When dealing with buffer overflows, there are basically three things that can happen. The first is denial of service. The second thing that can happen when a buffer overflow occurs is that eip can be controlled to execute malicious code at the user level of access. This happens when the vulnerabile program is running at the user level of privilege. The third and absolute worst thing that can happen when a buffer overflow occurs is that the eip can be controlled to execute malicious code at the system or root level.
Local exploits are easier to perform than remote exploits because you have access to the system memory space and can debug your exploit more easily.
The basic concept of buffer overflow exploits is to overflow a vulnerability buffer and change eip for malicious purposes.
In assembly code, the NOP command simply means to do nothing but move to the next command.
If eip is pointed to a NOP sled, the processor will ride the sled right into the next component.
On x86 systems, the 0x90 opcode represents NOP.
The most important element of the exploit is the return address, which must be aligned perfectly and repeated until it overflows the saved eip value on the stack.
As a rule of thumb, it is a good idea to fill half of the attack buffer with NOPs.
What happens when the vulnerable buffer is too small? The answer lies in the use of environment variables. You would store your shellcode in an environment variable or somewhere else in memory, then point the return address to that environment variable.

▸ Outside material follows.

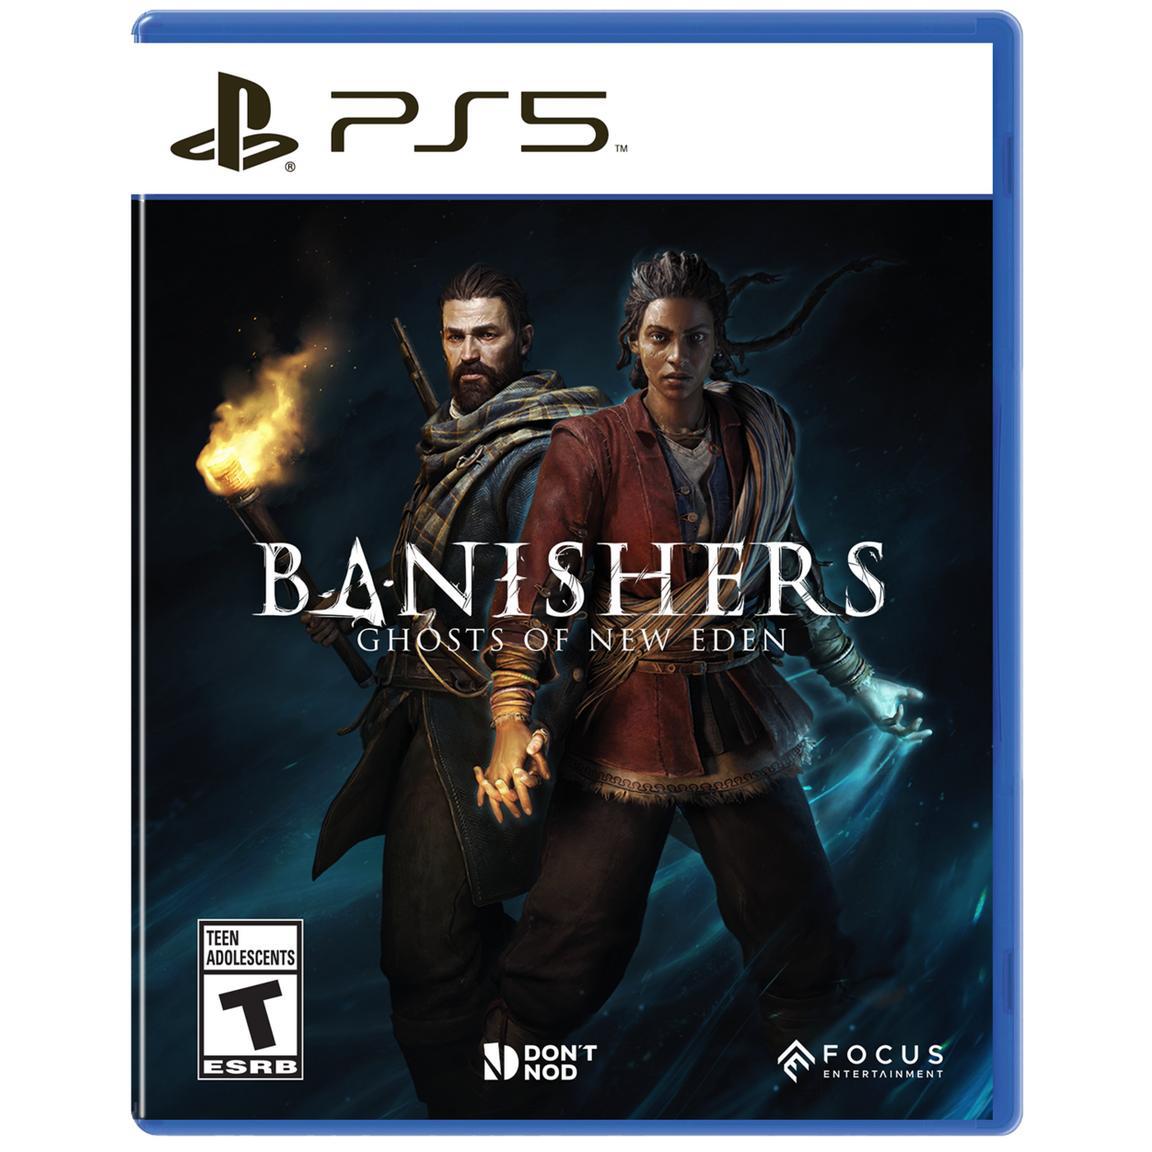 PS5 Banishers Ghosts Of New Eden

Unlike buffer overflows, format string exploits are relatively easy to spot in source code and binary analysis.
In C/C++, the destructor (DTOR) section provides a way to ensure that some process is executed upon program exit.
It turns out that if we overwrite either an existing function pointer in the DTOR section or the ending marker with our target return address, the program will happily jump to that location and execute.

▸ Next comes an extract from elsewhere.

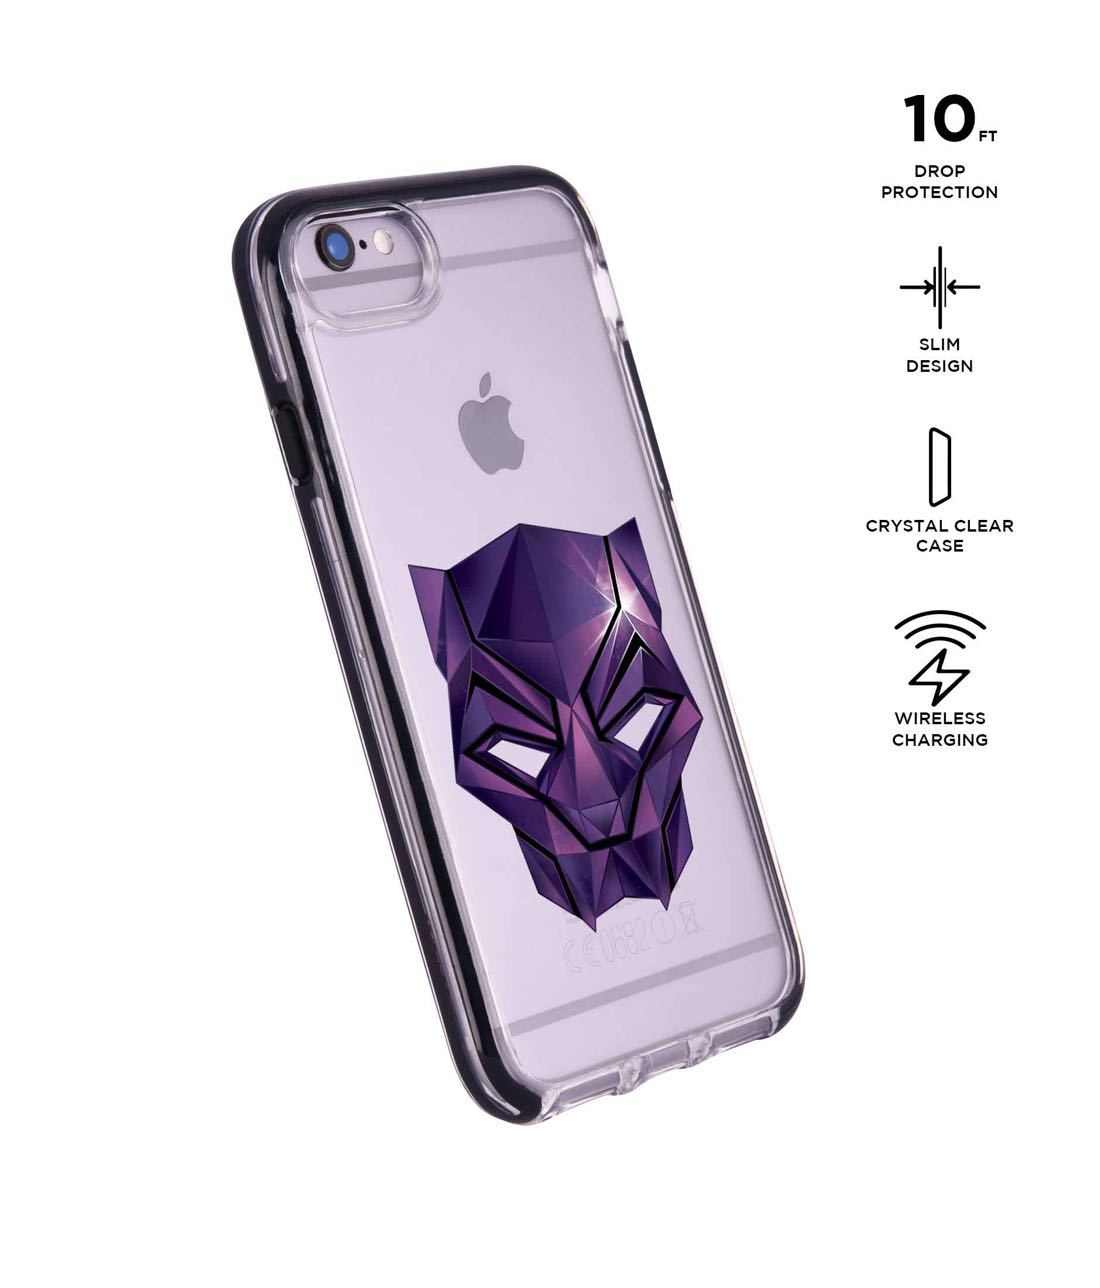 Black Panther Logo - Extreme Phone Case for iPhone 6S

There are many other useful locations to overwrite; for example: global offset table, global function pointers, atexit handlers, stack values, program-specific authentication variables.
Libsafe is a dynamic library that allows for the safer implementation of [many] dangerous functions.
Libsafe overwrites dangerous libc functions, replacing the bounds and input scrubbing implementations, thereby eliminating most stack-based attacks.
StackShield is a replacement to the gcc compiler that catches unsafe operations at compile time.
In addition, when a function is called, StackShield copies the saved return address to a safe location and restores the return address upon returning from the function.
SSP [Stack Smashing Protector] has been incorporated in GCC (starting in version 4.1) and is on by default. It may be disabled with the -fno-stack-protector flag.
GCC has implemented a non-executable stack using the GNU_STACK ELF marking. This feature is on by default (starting in version 4.1) and may be disabled with the -z execstack flag.
Early on, developers realized that program stacks and heaps should not be executable and that user code should not be writeable once it is placed in memory.
The intent of ASLR is to randomize the following memory objects: executable image, brk()-managed heap, library images, mmap()-managed heap, user space stack, kernel space stack.
Systems that implement ASLR provide a high level of protection from “return to libc” exploits by randomizing the way the function pointers of libc are called. This is done through the randomization of the mmap() command and makes finding the pointer to system() and other functions nearly impossible.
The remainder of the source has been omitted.